As I have already said, I think that if that change were made in our law, the prospect of any future disagreement between the two tribunals is minimal. The really crucial point is that, far from having cast any doubt on the validity of our approach in controlling the mass media where trials are involved, the Court of Human Rights made it clear that, in general, our law of contempt fell within the scope of what was permissible within the convention; so that only a very marginal change (if any) needs to be made in our law to bring the two into line. Also, I think it is a fair point to make that there is a good deal of difference between a civil trial and a criminal trial and the need for a severe measure of control by way of the law of contempt in civil cases is probably a good deal less pressing than in the criminal sphere—although I would rather doubt, despite the views that have been expressed in some quarters, that we should be justified in eliminating this control altogether; and, certainly, Phillimore was not in favour of so doing.

I wish to add only a very brief word to the further issue, which is the question of the appropriate starting point for liability. In the case of civil trials, Phillimore suggested that the best course to adopt would be to take the date when an action is set down for trial as the date when the law of contempt would come into operation. That is something which would create a number of difficulties, many of them of a rather technical character, but the fact of the matter is that if one is to choose a point of some certainty, it is difficult to see what other date one could reasonably suggest. Mr. Robin Day in his interesting dissenting note to the Phillimore Report suggested taking some date such as two weeks before the actual trial; but this, again, is a matter which would create probably even more considerable technical difficulties than the date of setting down. Therefore, on the whole, Phillimore in this, as in so many other matters, probably reached the right conclusion.

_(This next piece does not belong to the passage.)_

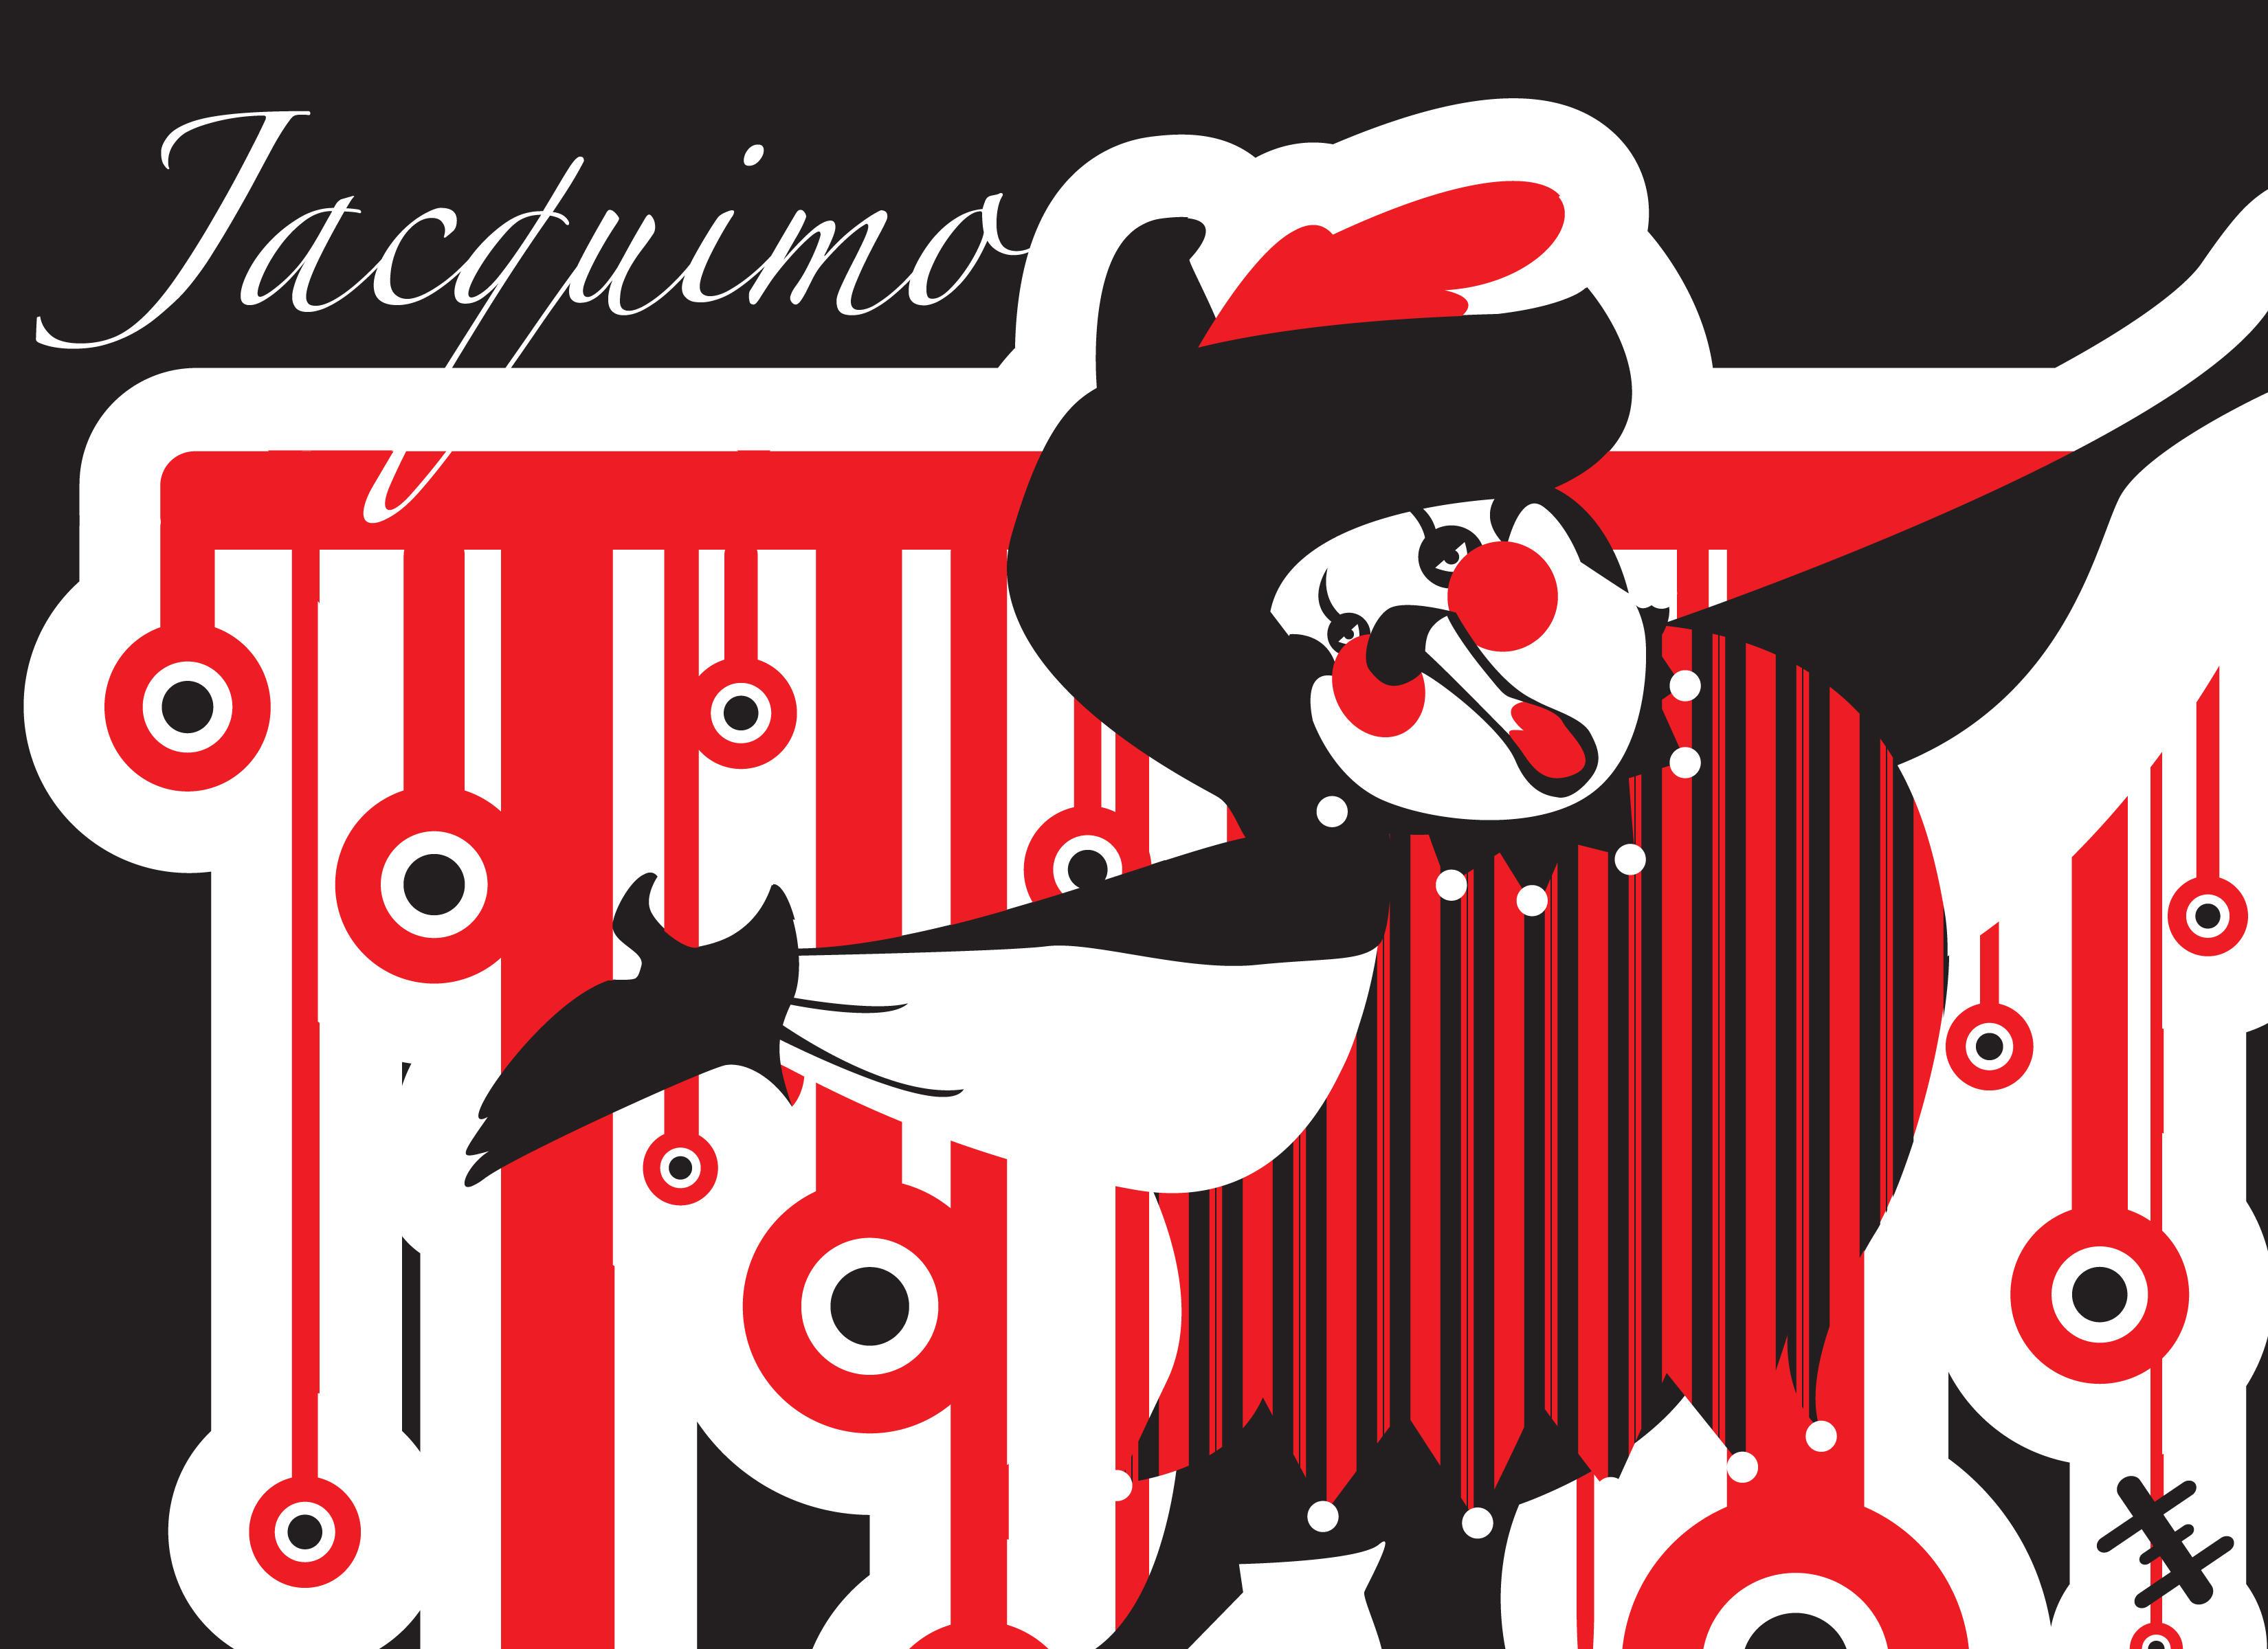 Jacquimo by phantomonex

In regard to criminal cases, I would wish to say very little indeed. I listened attentively to the way in which the noble Lord, Lord Wigoder, put his various arguments on this matter. I think that anyone listening to the way he presented it would agree that it is an extremely difficult matter to determine. There are advantages and disadvantages on both sides. I confess that I personally lack sufficient experience in regard to criminal matters to be able to evaluate this controversy to a sufficient degree to express a firm view either way. The only suggestion that I would make in conclusion is that it is desirable, at any rate, that some clarification be made of the existing position, which is admitted to be very unsatisfactory. Whether it be on the lines that Phillimore suggested or in the way in which, apparently, there have been some indications that the Government may be thinking, I think that few would dispute that, by either method, the present state of the law would be considerably improved.

7.30 p.m.

Lord GARDINER

My Lords, this has always been a very troublesome subject and I am indebted to a publication of the Writers and Scholars Educational Trust, in association with the British Institute of Human Rights, for a review not only of the subject as a whole but with special reference to the thalidomide case. Although a former chairman and former governor of the latter, I have had nothing to do with the publication. It reminds us that it was in 1785 that the great Erskine said: By this proceeding the party offended is the judge; (he) creates the offence without any previous promulgation; avoids the doubtful and tedious ceremony of proof, by forcing the Defendant to accuse himself (i.e. without indictment or jury); and inflicts an arbitrary punishment which if not submitted to and reverenced by the nation as law (i.e. through parliamentary enactment) is to be the parent of new contempts to be punished like the former. In 1798 another legal commentator asked: To what purpose was it to destroy the Star Chamber if it was intended that the House of Lords should exercise the like arbitrary power? Mr. Gladstone promised to introduce a Bill, which he did in your Lordships' House. But it had to be withdrawn in the other Chamber because of the pressure of Irish affairs. Other Bills were introduced in 1889, 1892, 1894, 1896, 1901, 1902 and 1908. In April 1906 the House of Commons passed a resolution that: The jurisdiction of judges in dealing with contempt of court is practically arbitrary and unlimited and calls for the action of Parliament with a view to its definition and limitation". A similar resolution was passed by them two years later. Everybody was then overcome by all that initiative and practically nothing happened until the Justice report in 1959. That resulted in two improvements recommended by Justice: namely, first, a defence of innocent dissemination; and, secondly, that there ought to be a right of appeal.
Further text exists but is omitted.